I was told about the Hopeful Futures weekend event while I was on the phone with Atlas Arts in Skye. I was telling them about my project and looking to arrange some time to come and visit them in Skye for the second set of fieldwork weeks. It so happened that their Making Publics Press, a mobile book-making studio was travelling to this event to be used in the afternoon session. I took the opportunity to attend so I could see what the press was like and to meet Katharine who organises this fantastic facility. What I found was a community coming together to discuss localised initiatives in the highlands and islands which held the purpose to create a sense of possibility for people to feel more hopeful about the future in such times of environmental, social, cultural and political crisis.

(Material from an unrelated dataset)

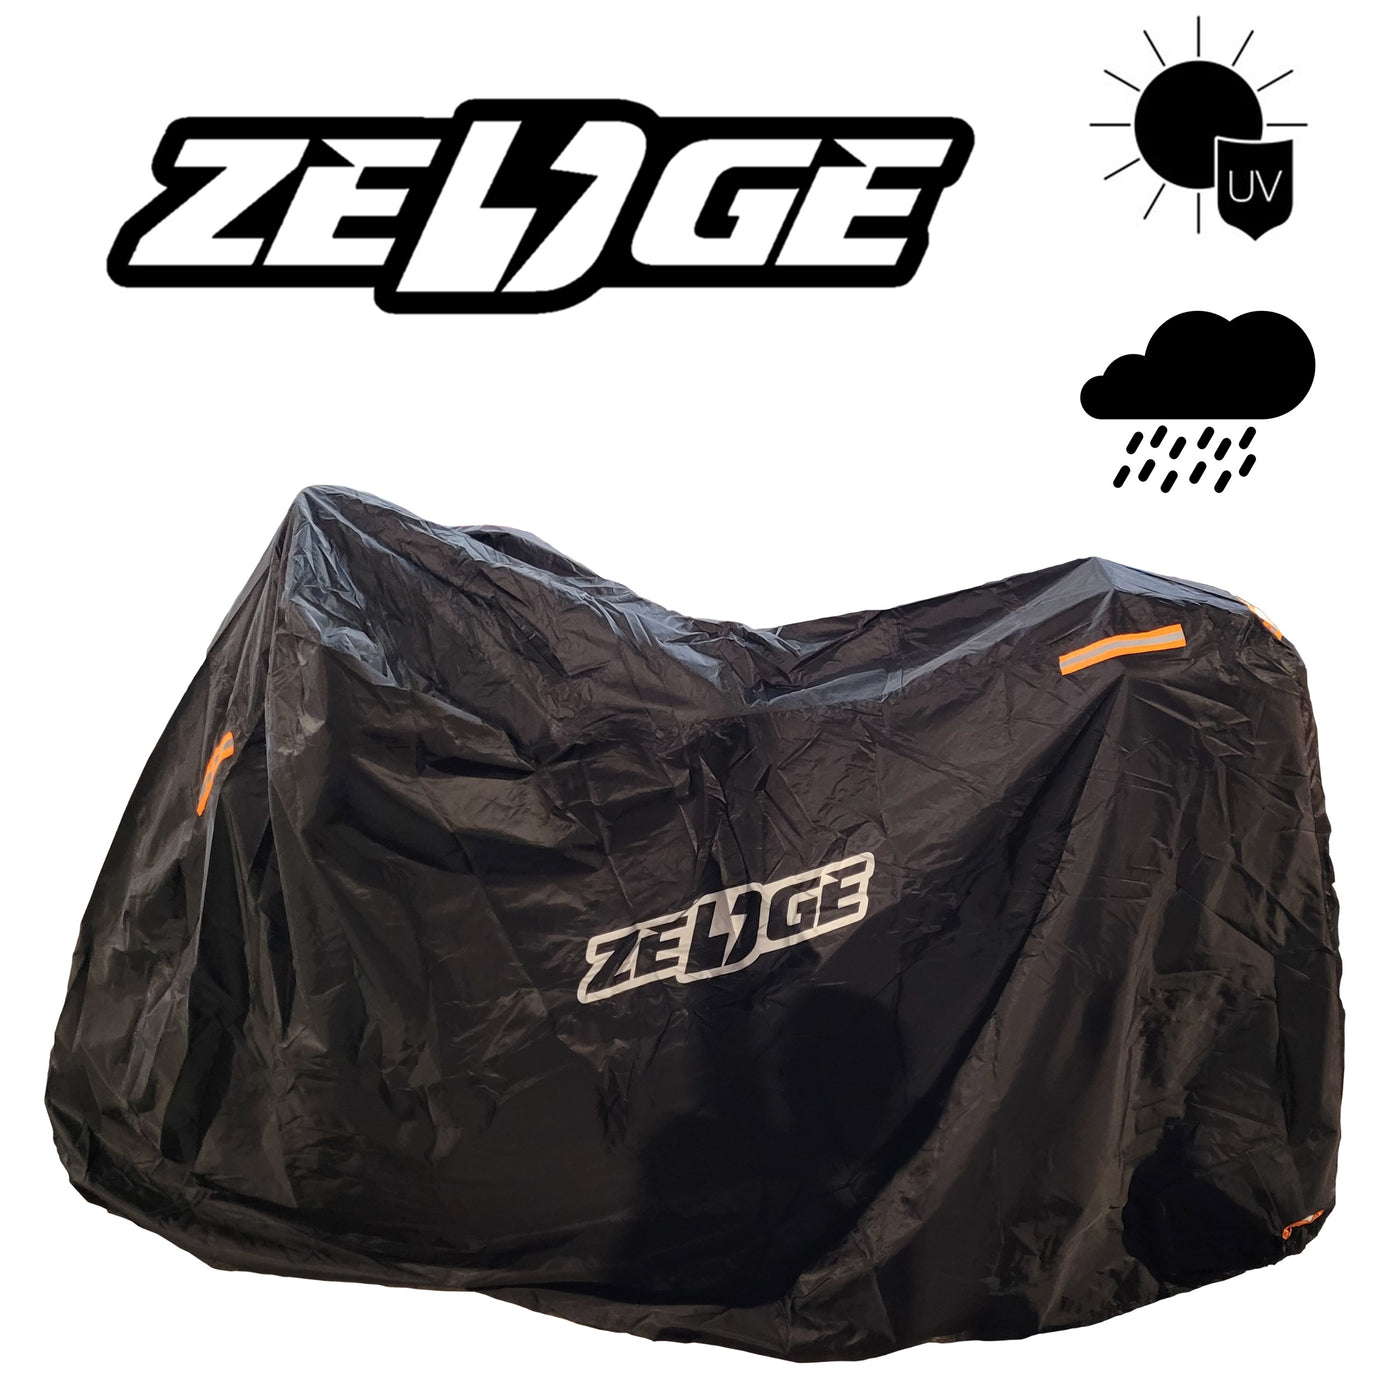 Zedge Bike Cover

The afternoon session involved learning how to make a zine with Cat Meighan from the Highland Zine Bothy. In addition, there was a Riso printing machine, facilitated by the Isle of Riso, which was used to print copies of the cover for making your own copy of the publication, Hopeful Highlands Hack, which was all ready for binding. The pages which were assembled from crowdsourced content and ready to be bound in little piles were all laid out on a table. Each of us attending the workshop then took our copy of the cover and the pages of our book and worked our way through the perfect binding machine and the trimmer under the close supervision of Katharine from the Making Publics Press. I was delighted with my own copy of this publication which was co-written in terms of the content and facilitated by the Isle of Riso and the Making Publics Press and which I was able to individually produce on site. I am minded of the term ‘social sculpture‘ developed by Joseph Beuys and others who have used the term such as Sarah Lowndes and wonder if this experience could be termed accordingly as ‘social publishing’. I will explore this concept more as the research progresses and in future writing.

The risograph machine facilitated by Isle of Riso
A photo of my copy of the book Hopeful Highlands Hack -2024

Books about sustainability and publishing processes such as the one described above of the Hopeful Highlands Hack are certainly connecting people with common worries about our current situation but they are also giving people a reason to be hopeful about the future situation and connected to their sense of place, community and a responsibility to it.